Defiance of the Fall — TheFirstDefier (JF Brink)
Earth gets integrated into a cosmic system that introduces cultivation and RPG mechanics to reality. A man stranded alone on a cut-off piece of Earth has to fight his way to power. It's more serious than Dungeon Crawler Carl, heavier on combat and progression, and absolutely massive in scope.

The Primal Hunter — Zogarth
A regular guy is thrown into a tutorial when the world transforms into a game-like system. Heavy on stats, progression, and alchemy. It's one of the most popular ongoing LitRPG series and has a huge following on Royal Road (the web fiction platform where many LitRPG series debut).

Beware of Chicken — Casualfarmer
A man reincarnates into a cultivation world and decides he doesn't want to fight — he just wants to farm. His animals start cultivating instead. It's cozy, funny, and a refreshing subversion of the genre's usual power-fantasy formula. Won the Stabby Award for best self-published novel.

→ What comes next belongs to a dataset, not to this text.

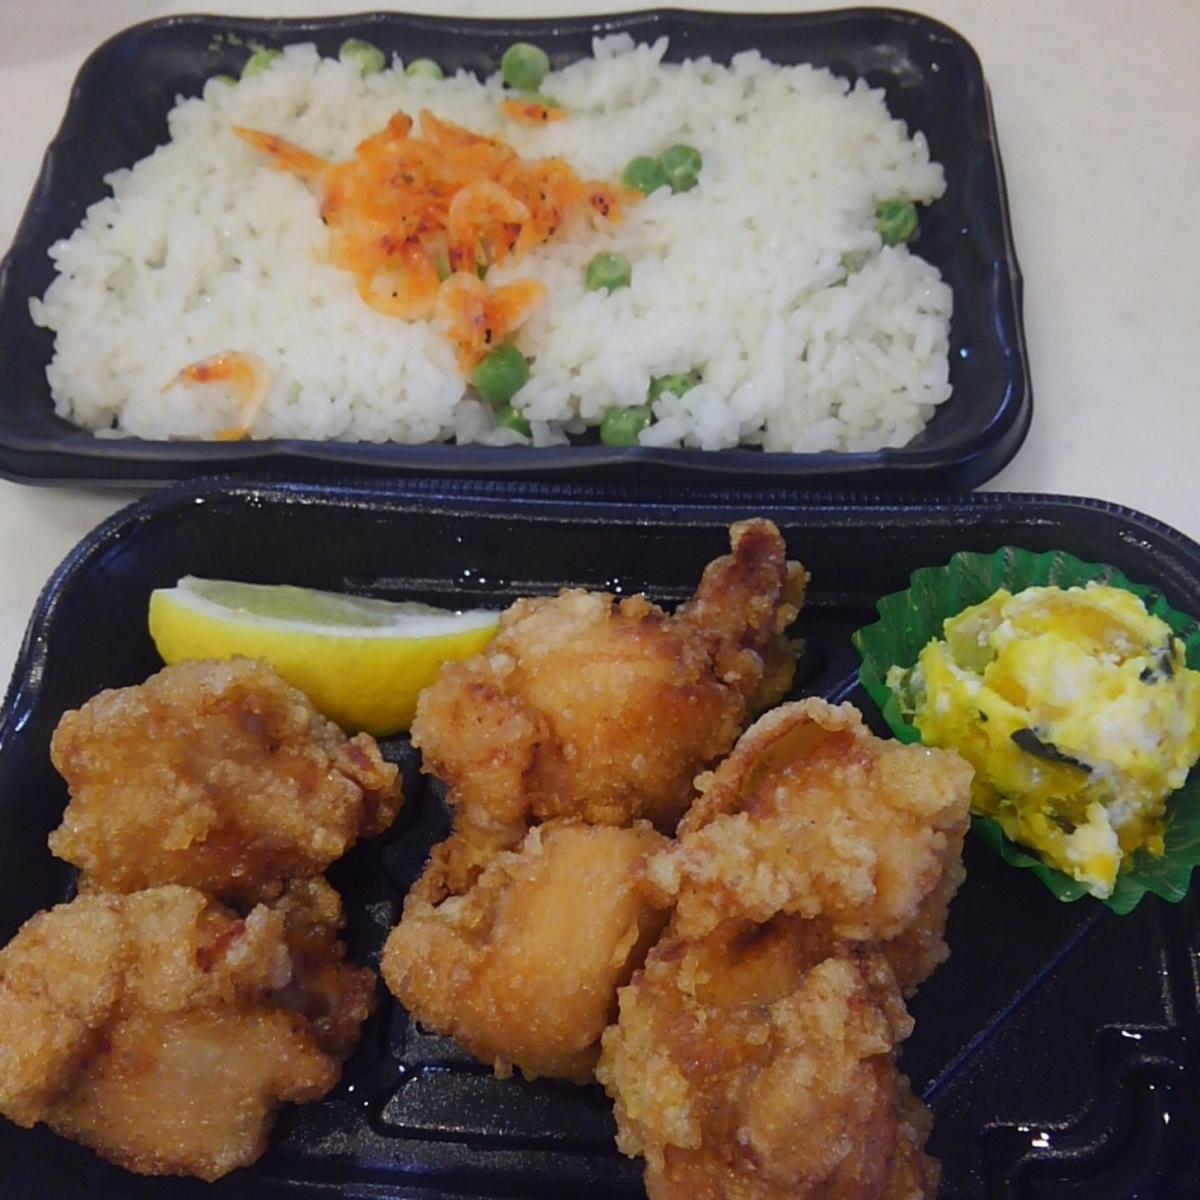 和食さと テイクアウト 豆御飯と唐揚弁当

The Bigger Picture: Why LitRPG Matters

LitRPG is doing something that the traditional publishing industry missed: it's meeting male readers where they are. Men who grew up on video games, who understand stat systems and progression mechanics intuitively, who want stories that combine action with strategic problem-solving — LitRPG speaks their language in a way that mainstream literary fiction often doesn't.

The genre grew up on platforms like Royal Road and Kindle Unlimited, where authors publish serialized chapters directly to readers. There are no gatekeepers. The audience votes with their reading time. And what the audience keeps choosing is stories about ordinary people thrown into extraordinary systems and figuring out how to win.

That's not so different from what men deal with every day — navigating complex systems, making strategic decisions with incomplete information, and trying to level up in a world that doesn't hand you anything.

If you've ever thought you don't like reading, it's possible you just haven't found a genre that was built for you. LitRPG might be it.

Start with Dungeon Crawler Carl. You'll know within fifty pages.